“Against antibiotic resistance, public research and production of drugs is essential”

Lhe World Day for the Prevention of Antimicrobial Resistance, held on 18 November, alerted us to this growing health threat considered by international authorities to be one of the major global health priorities of this century.

Antibiotic resistance is likely to jeopardize decades of medical advances, including practices in surgery, neonatology and resuscitation, cancer treatments such as chemotherapy, and organ transplants. It is estimated that antibiotic resistance causes 35,000 deaths per year in the United States, 33,000 in Europe and 5,500 in France. In 2019, it was attributed 1.27 million deaths worldwide.

Faced with this scourge, the findings of the World Health Organization (WHO) are alarming: “The clinical pipeline for new antimicrobials is dry. » The WHO in 2019 identified only 32 antibiotics in clinical development that meet its list of priority pathogens, of which only 6 were classified as “innovative”. In addition, the international body is alarmed by the shortages of antibiotics affecting countries at all levels of development.

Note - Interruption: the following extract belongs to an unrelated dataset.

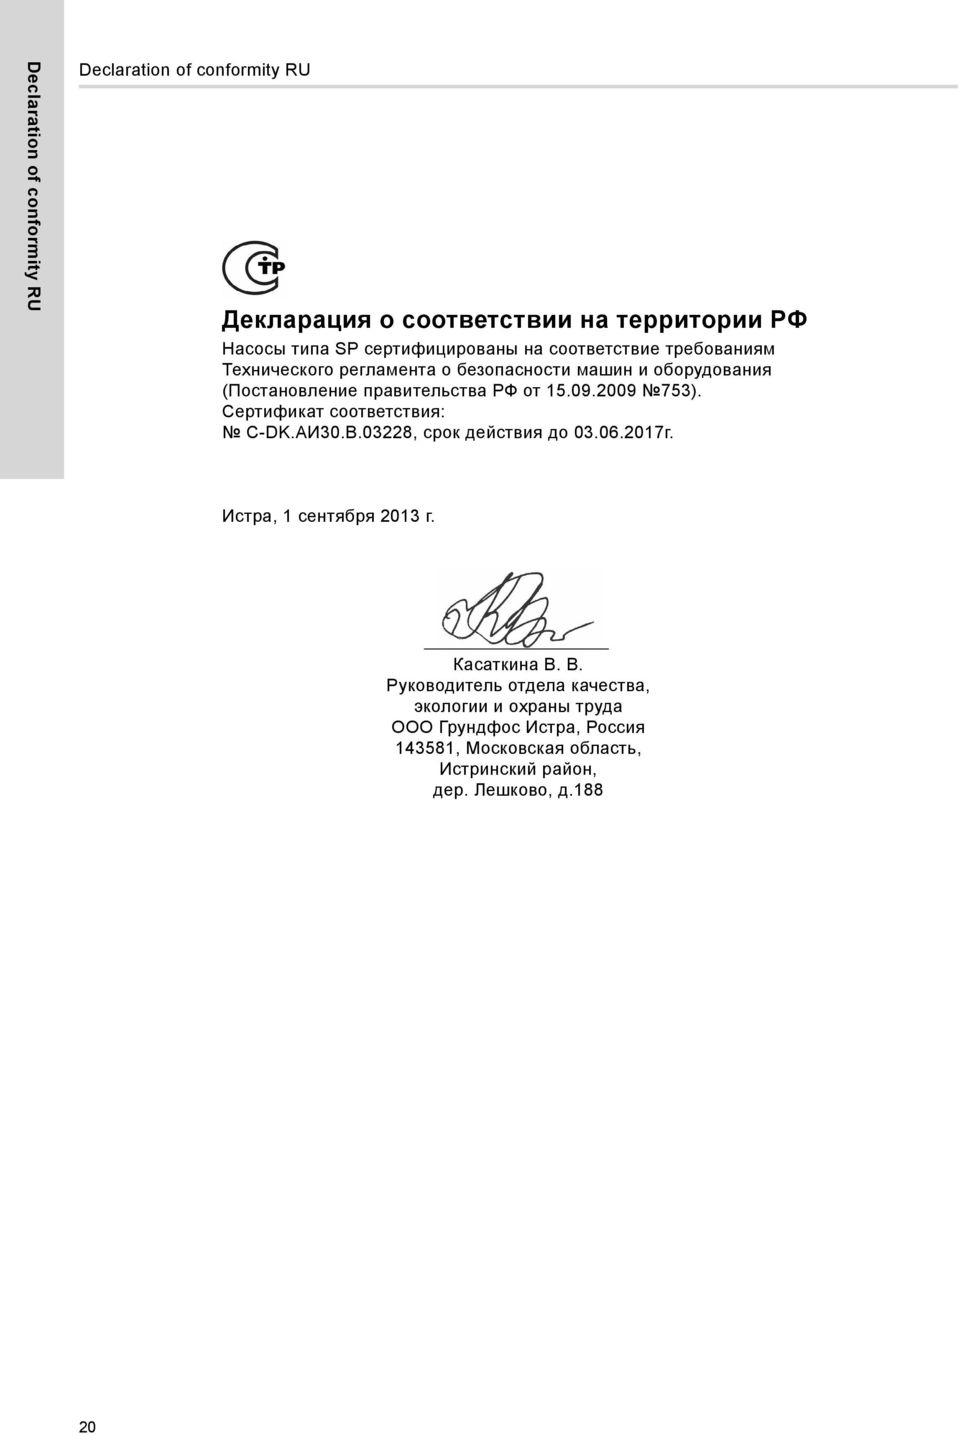 2009 753). Сертификат соответствия: C-DK.АИ30.В.03228, срок действия до 03.06.2017г. Истра, 1 сентября 2013 г. Касаткина В.

Promising tracks abandoned

It is doubtful that the current research and development (R&D) model, based on the financial choices of pharmaceutical multinationals, is able to fully meet the challenges. For example, promising leads in the development of new antibiotics have, in the recent past, been abandoned. Like the one pursued by the firm Achaogen, which had developed, thanks to English and American public and charitable money, a new promising antibiotic in the face of resistance in the treatment of urinary and kidney infections, plazomicine. Despite obtaining a marketing authorization from the Food and Drug Administration, the American regulator, in June 2018, the firm did not attract stock market investors. In 2019, Achaogen, forced into bankruptcy, had to abandon plazomicin, which was never marketed.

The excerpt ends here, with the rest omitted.